针对大跨度钢-混凝土组合楼盖的经济适用工况和优化方向，以重要参数为基础，对大跨钢-混凝土组合楼盖的优化设计问题进行研究. 在优化分析时，以组合楼盖的经济等效用钢量为目标函数，变量包括钢梁截面尺寸、钢梁间距和混凝土翼板厚度等8个参数，约束条件服从塑性设计理论、规范规定和工程经验. 在不同跨度和可变荷载下，利用广义简约梯度（GRG）算法求解获得经济等效用钢量最小的组合梁截面. 根据优化结果，跨度小于60 m、可变荷载小于6 kN/m²的组合楼盖能够有效地发挥组合结构的组合作用，具有较好的经济效益. 对于传统组合楼盖经济适用性不强的超大跨楼盖，从提高腹板承载效率的角度，可以使用波形钢腹板组合楼盖体系，考虑张弦梁受力高效的优点提出新型弦支组合楼盖体系.

关键词： 钢-混凝土组合楼盖; 优化设计; 大跨结构; 经济等效用钢量; 弦支组合楼盖; 广义简约梯度法

Abstract:

An optimal design problem of long span steel-concrete composite floor system was investigated based on important parameters to aim at the economical and applicable conditions and optimizing orientations of long span steel-concrete composite floor. The objective function was set as economical equivalent steel consumption, and the variables contained eight parameters including dimensions of the steel section, intermediate distance between steel sections and thickness of concrete slab. The objective function was constrained to the plastic theory, standards and construction experience.
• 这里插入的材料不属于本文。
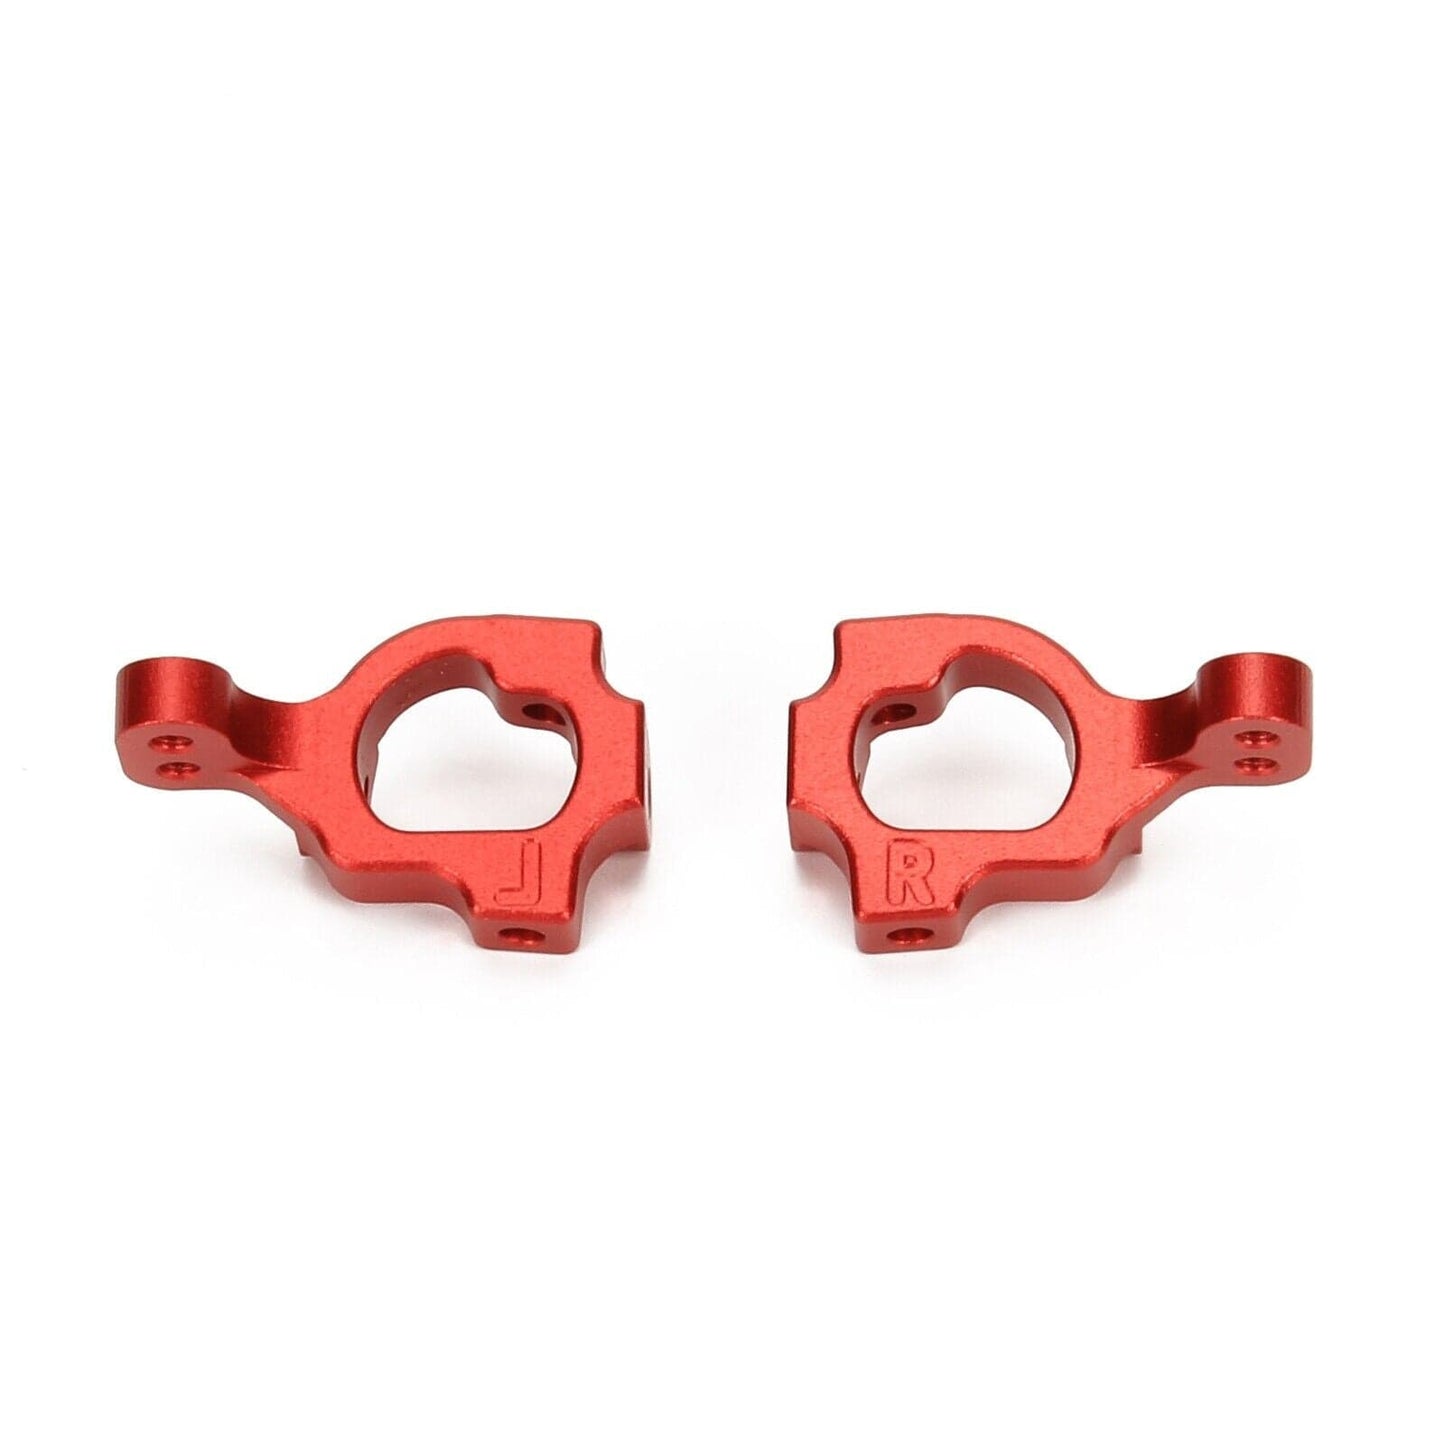 RCAWD Red Losi 22S 2WD Caster Block LOS234033-RCAWD
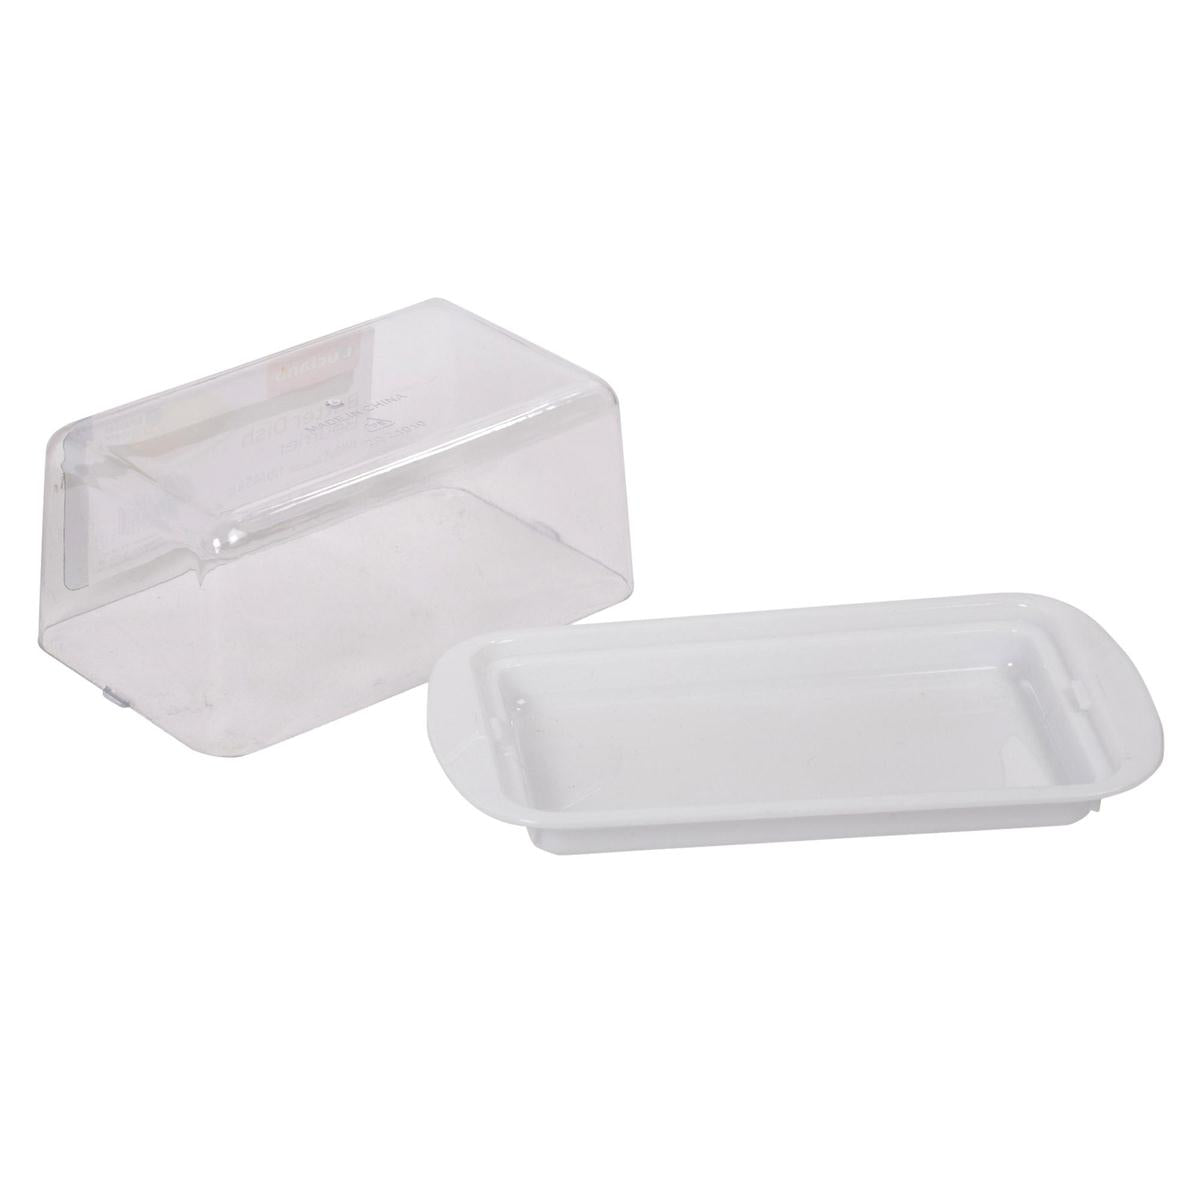 Luciano Butter Dish, 1-lb (454g) Capacity, Dimensions 5.5x3.5x2.5"

The generalized reduced gradient method (GRG) was used to generate optimal sections with minimum economical equivalent steel consumption under different spans and live loads. According to the optimization results, the composite floor within a span of 60 m and a variable load of 6 kN/m² could efficiently facilitate the composite effect of composite structure and has good economic benefits. As for super-long span composite floor when the traditional I-section floor system is not economically suitable, the composite floor with corrugated web is recommended for improving the bearing efficiency of steel web. A new cable-supported composite floor system was proposed based on the cable-supported beam for its high efficiency in mechanism.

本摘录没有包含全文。